I guess it's not the world's most populous democracy. It must be Norway, then.
posted by clarknova at 10:49 AM on August 22, 2010 [3 favorites]


Stay classy, corrupt kleptocracy.
posted by leotrotsky at 10:53 AM on August 22, 2010 [6 favorites]


I love that they arrested the security researcher and not the criminals who created the voting machines. I mean, at least pretend not to be completely corrupt!
posted by Pope Guilty at 11:18 AM on August 22, 2010 [6 favorites]


"Academicians" Is a phrase I don't think I've ever seen before/
posted by paisley henosis at 11:24 AM on August 22, 2010


They work with scienticians.
posted by Pope Guilty at 11:24 AM on August 22, 2010 [2 favorites]


Hari is in jail
posted by homunculus at 11:31 AM on August 22, 2010 [2 favorites]


My bullshit detector starts pinging anytime an argument is made in favor of voting machines.

Computers are wonderful if you are trying to make something more efficient (and you have vetted the programming). A democratic voting system doesn't have to be efficient, it has to be TRANSPARENT.

Paper, ink, secure and visible ballot boxes, visible counting procedures, and free and open observation. Easy. There is no honest reason to do it any other way.
posted by Benny Andajetz at 11:39 AM on August 22, 2010 [8 favorites]


This story is making me homesick for America.

Paper, ink, secure and visible ballot boxes, visible counting procedures, and free and open observation. Easy. There is no honest reason to do it any other way.

The reason people don't like computerized voting is that they don't trust the government (either because they think it is evil, incompetent, prone to being swayed by private interests or some combination of those). Paper ballots fix none of that.

It is perfectly possible to have any set of properties we might wish in our computerized ballot boxes, including the ability to check if your vote is included in the total. (For instance, you get a prime number receipt and you factor the publicized total to see if your prime number is a factor, modulo a bunch of details.) Can't do that with paper.

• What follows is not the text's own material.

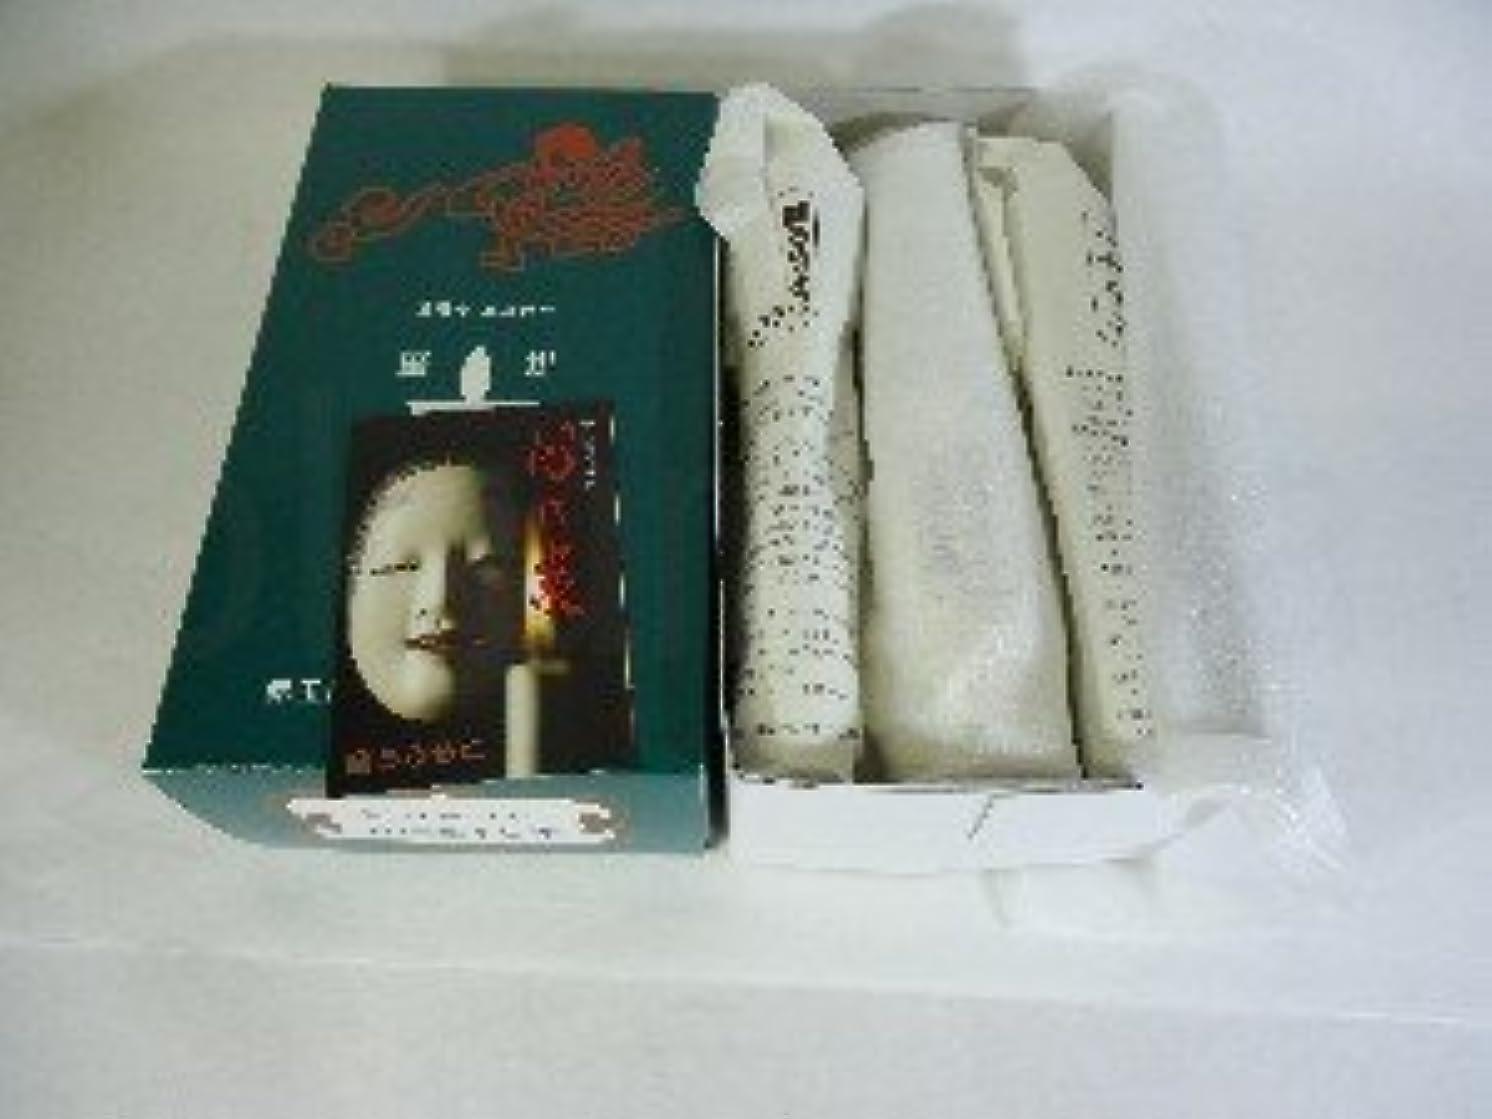 悪い飾り羽所属和ろうそく 型和蝋燭 ローソク イカリ 20号 白 6本入り 約17センチ 約3時間30分燃焼
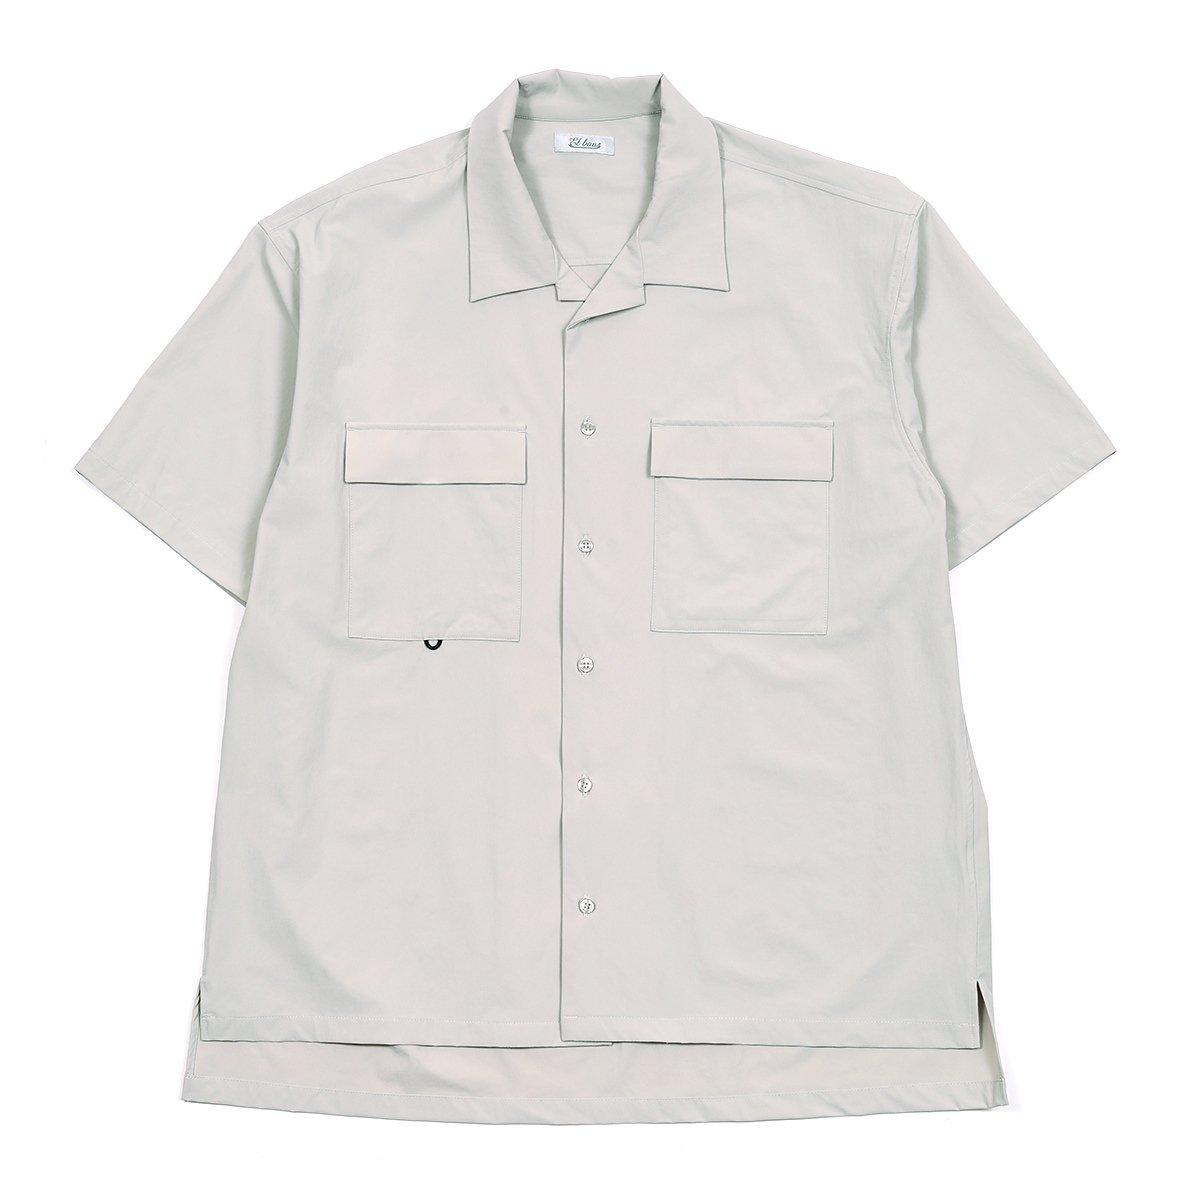 S/S W Pocket Shirts 詳細画像16

But the average American would have to be less uneducated than a sack of hammers for there to be any political will for this.
posted by DU at 11:45 AM on August 22, 2010 [3 favorites]


It is interesting to compare how different countries have dealt with the security questions raised about electronic voting machines. In the Netherlands, Rop Gonggrijp, one of the three main researchers involved in this investigation in India, is founder of the initiative "Wij vertrouwen stemcomputers niet" ("We do not trust voting computers"), which has been remarkably succesful. They succeeded in buying a used machine from a municipality and, in October 2006, demonstrated on TV how easily the electronic voting machines used in the Netherlands (manufactured by Nedap) could be hacked. As a consequence, a commission to evaluate the future of electronic voting was established, which lead to the decertification of the machines and the decision to return to pen and paper voting about a year later.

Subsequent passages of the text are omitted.